Republicans vs. tea party sets 2016 stage
With another presidential cycle starting in just two years, battle lines are being drawn - not between the two parties, but within the Republican Party itself.
Interestingly the differences being aired this summer seem less about ideology than approach: Whether compromise with Democrats is ever okay; even more broadly whether government can or even should try to solve problems through policy or lawmaking. So while most Americans reflexively say they want "something done" there's plenty of difference in defining what that means, and these debates have huge potential to shape the GOP's brand in 2014 and certainly in 2016.
It's playing out now - as a raft of reliably conservative Republican senators have drawn 2014 primary challenges or the ire of tea party and other groups angry about the budget deals including Senate Minority Leader Mitch McConnell in Kentucky, Lamar Alexander in Tennessee, Mike Enzi in Wyoming and Lindsey Graham in South Carolina.
And it is affecting top leaders who are mentioned as Republican presidential candidates in 2016. New Jersey Gov. Chris Christie framed the party's choice of direction as about "winning" (read: coalition building, when needed) or not, if it instead chases ideological purity. Former Florida Gov. Jeb Bush has warned Republicans not to be seen as "anti-"everything. (On the Senate side Alexander, for his part, responded to his challengers much in the same vein as Christie, drawing lines between speech-making and his desire for action.)
Meanwhile Enzi's challenger in Wyoming's GOP primary, Liz Cheney, defines staunch opposition to President Obama not as obstructionism, but patriotism. Texas Sen. Ted Cruz, one of the party's rising stars, similarly argues for sticking to principle no matter what. The latest talk, by Cruz and others, of shutting down the government in order to defund Obamacare has driven a wedge into the party's caucus right along these very lines. (Sen. Richard Burr of North Carolina answered back calling it the dumbest idea he'd ever heard.)

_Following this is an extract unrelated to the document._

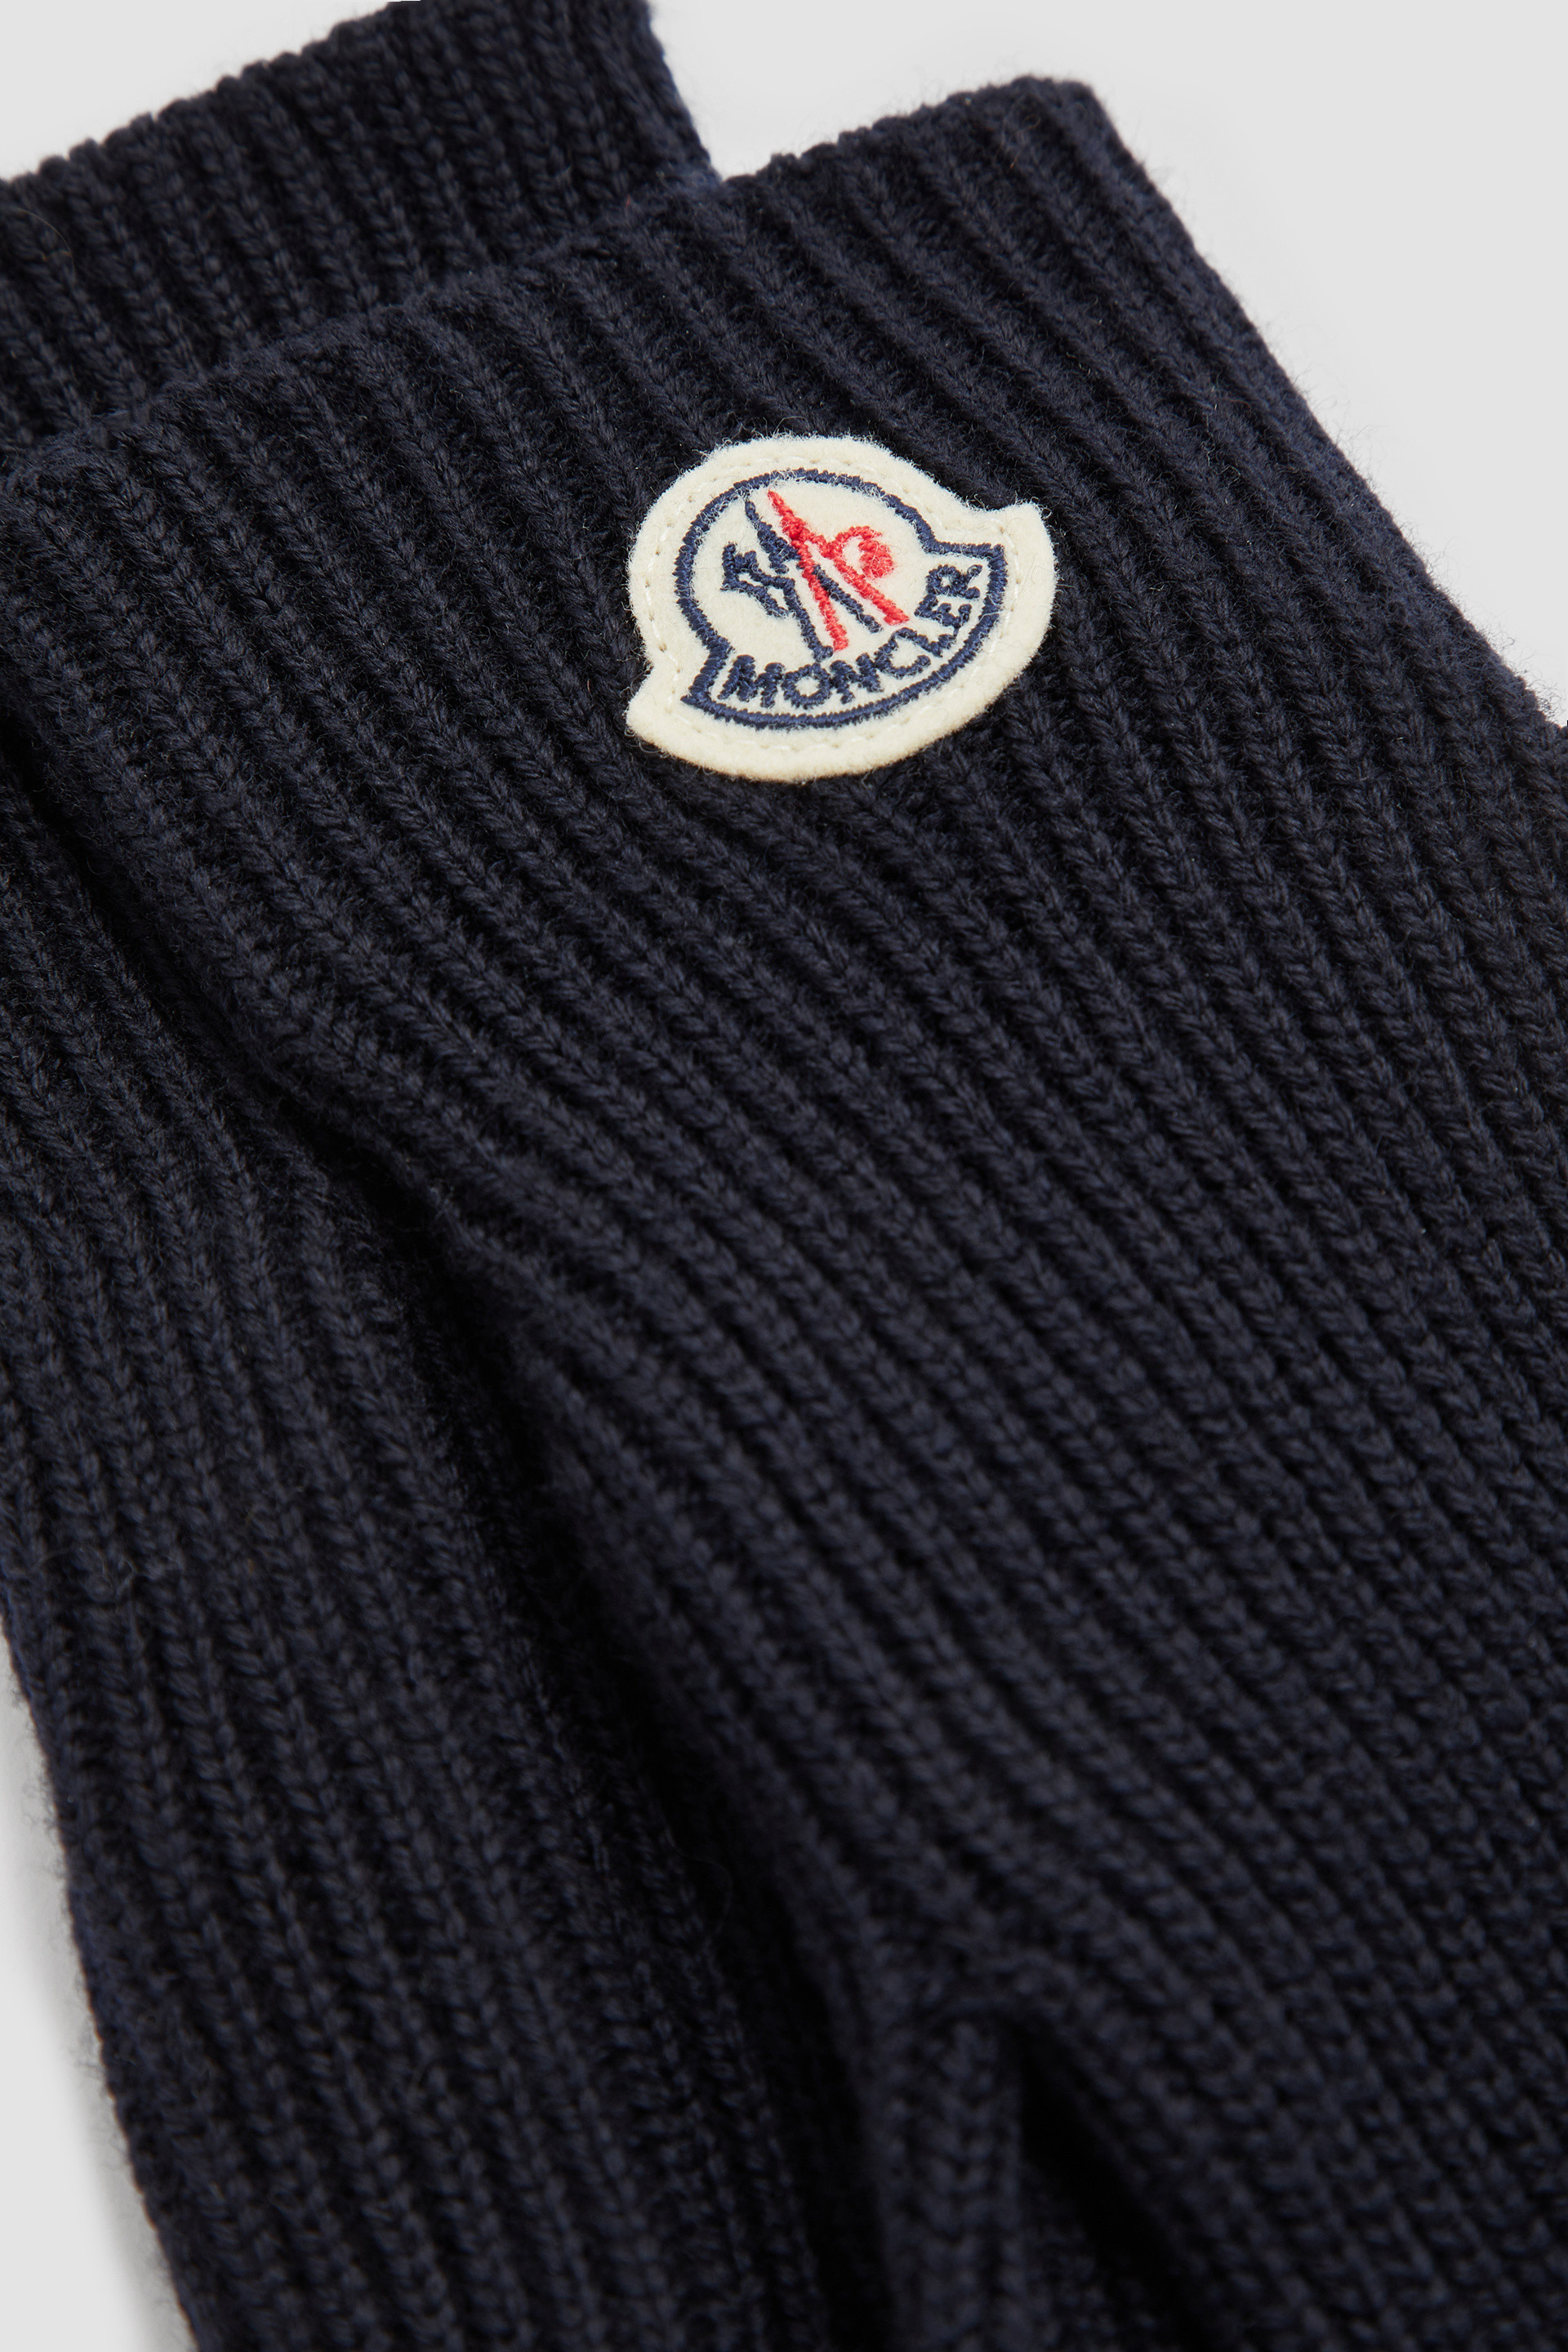 Gloves & Scarves for Men - made of Cashmere or Wool | Moncler US

The electoral pressure is coming from that part of the GOP base that simply doesn't want compromise - at least not with this current crop of Democrats, anyway - and while they're a small sliver of the electorate overall, they vote in primaries and have to be reckoned with.
In two CBS News polls this year we've asked whether Republicans in Congress should stick to their positions (even if that means Congress doesn't get as much done) or should compromise. Majorities of Republican voters consistently say compromise, as do all Americans, but about a quarter say "stick to positions," so we combined a couple of polls to get enough sample of them to examine.
They're almost twice as likely as other Republicans to be tea party backers, three times more likely to call themselves "very" conservative (as opposed to just conservative or moderate) and they're older - a hallmark of the primary electorate, especially in midterms.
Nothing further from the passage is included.